Thus, for example, CELP coding section 102 and MDCT section 103 operate as a first coding section that outputs a spectrum of a first decoded signal generated by decoding a first code acquired by a first encoding on an input signal. CELP component suppressing section 104 includes a CELP suppressing coefficient code book which stores CELP suppressing coefficients indicating the degree (level) of CELP suppressing. The CELP suppressing coefficient code book, for example, stores four types of CELP suppressing coefficients from 1.0 representing no-suppression to 0.5 representing that the amplitude of a CELP component is reduced to half. In other words, the value of the CELP suppressing coefficient is small as the degree (level) of the CELP suppressing is higher. In this case, it is assumed that, in the CELP suppressing coefficient code book, CELP suppressing coefficients are stored in ascending or descending order of the degree (level) of CELP suppressing. It is also assumed that each CELP suppressing coefficient is assigned an index (a CELP suppressing coefficient index) in ascending or descending order with respect to the degree (level) of CELP suppressing.

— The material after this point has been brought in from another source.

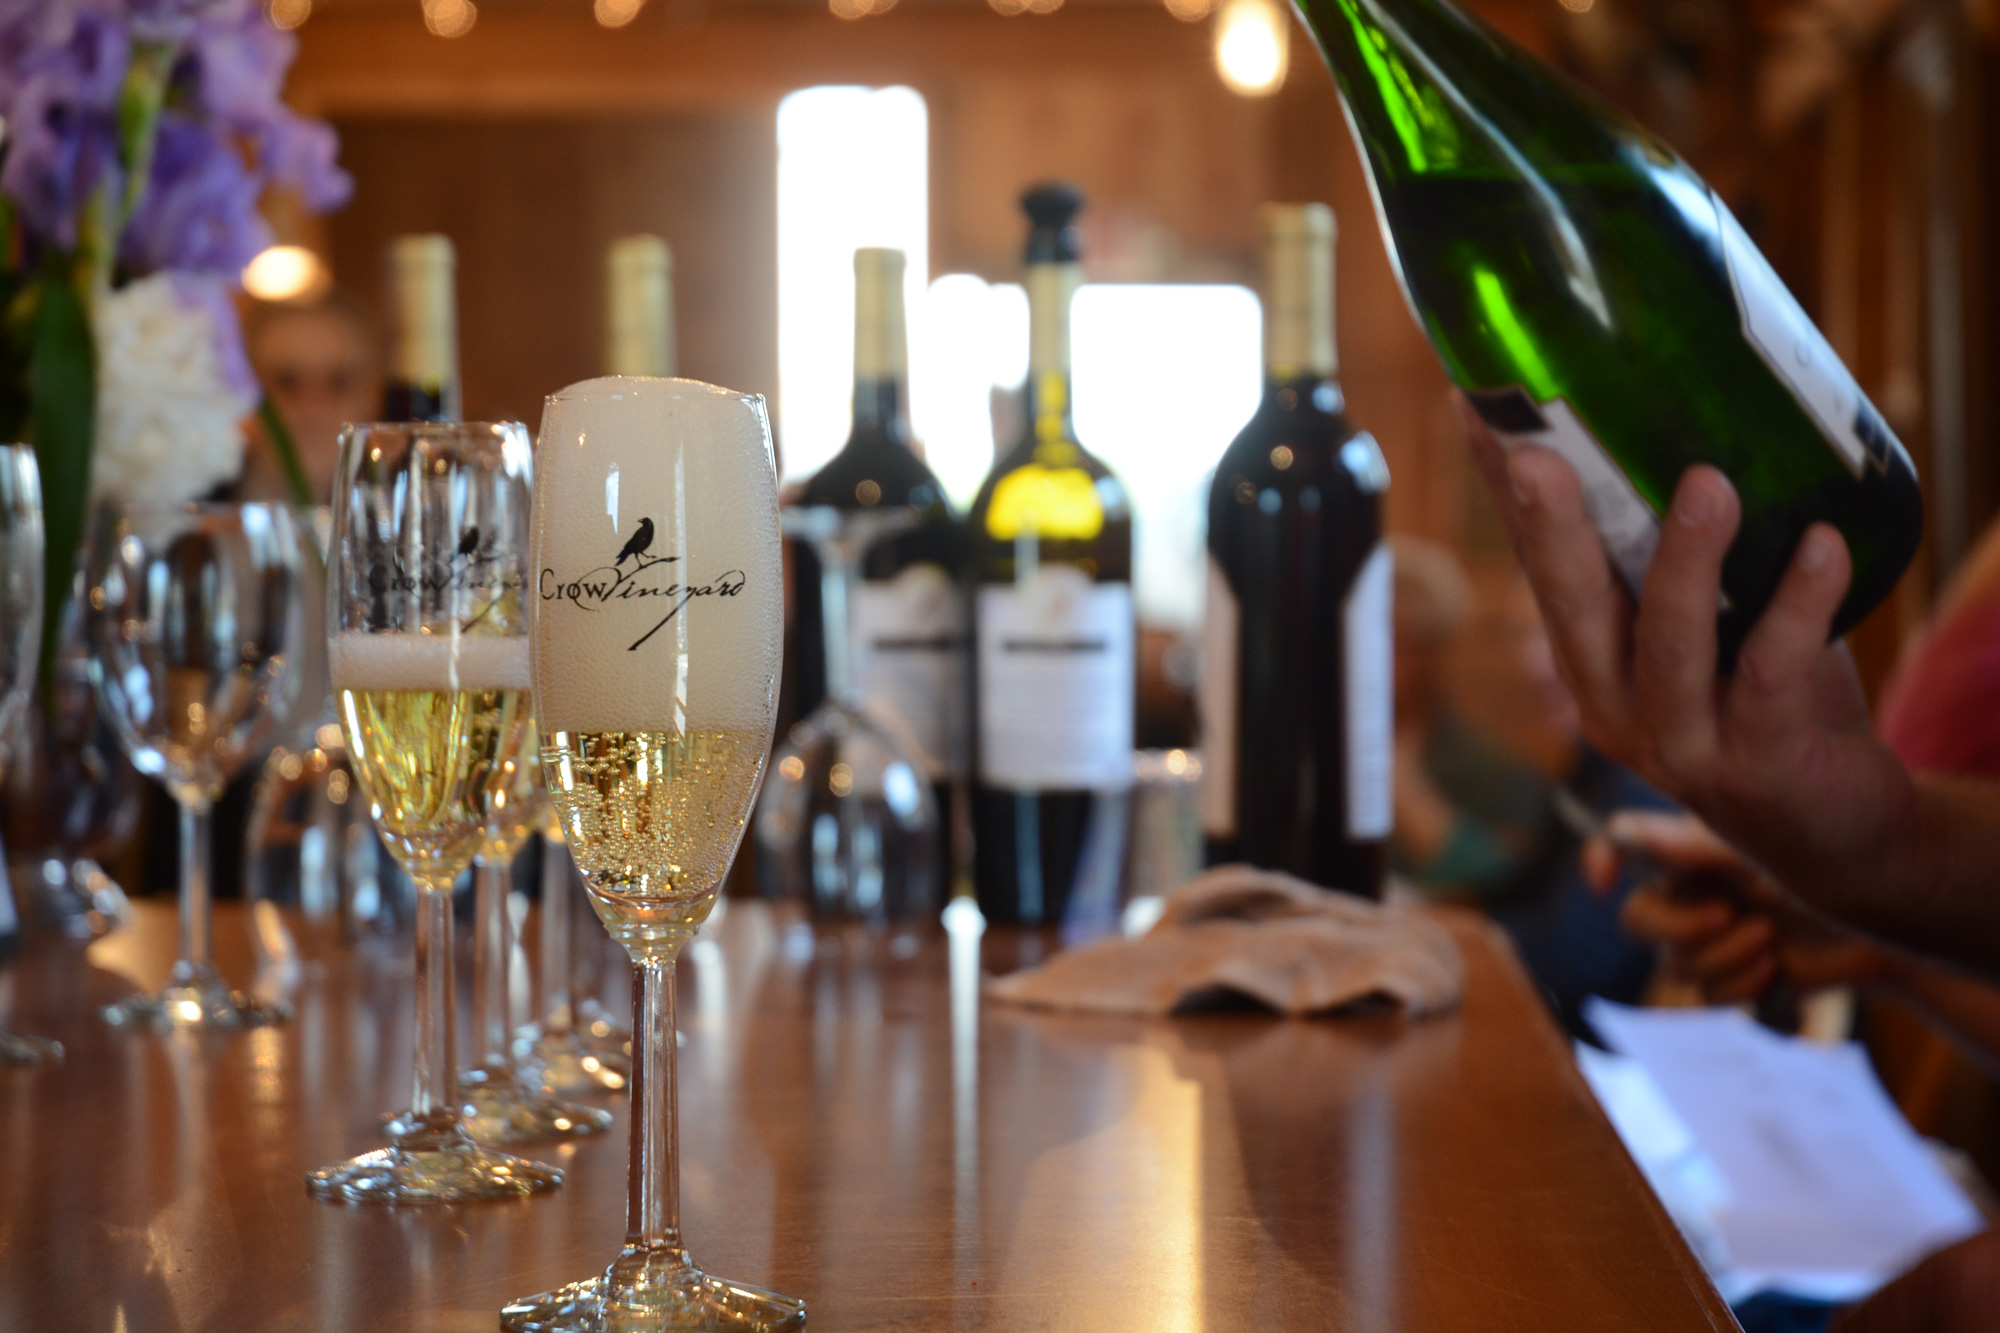 Crow Vineyard & Winery Sparkling Vidal

CELP component suppressing section 104 first selects the CELP suppressing coefficient from the CELP suppressing coefficient code book in accordance with a CELP suppressing coefficient index inputted from estimated distortion evaluating section 108, main selection candidate limiting section 109, or distortion evaluating section 112. CELP component suppressing section 104 then multiplies each frequency component of the CELP decoded signal spectrum inputted from MDCT section 103 by the selected CELP suppressing coefficient, to calculate a CELP component suppressed spectrum. CELP component suppressing section 104 then outputs the CELP component suppressed spectrum to CELP residual signal spectrum calculating section 105 and adding section 111.
CELP residual signal spectrum calculating section 105 calculates a CELP residual signal spectrum, i.e., a difference between the input signal spectrum inputted from MDCT section 101 and the CELP component suppressed spectrum inputted from CELP component suppressing section 104. To be more specific, CELP residual signal spectrum calculating section 105 acquires the CELP residual signal spectrum by subtracting the CELP component suppressed spectrum from the input signal spectrum. CELP residual signal spectrum calculating section 105 then outputs the CELP residual signal spectrum to transform coding section 110, pulse position estimating section 106, estimated pulse attenuating section 107.
Pulse position estimating section 106 estimates pulse positions (for example, frequencies having a large amplitude of the CELP residual signal spectrum) that are encoded by transform coding section 110, using the CELP residual signal spectrum (target signal for transform coding; hereunder, may be referred to as “target signal”) that is inputted from CELP residual signal spectrum calculating section 105. Pulse position estimating section 106 then outputs the pulse positions that were estimated (estimated pulse positions) to estimated pulse attenuating section 107.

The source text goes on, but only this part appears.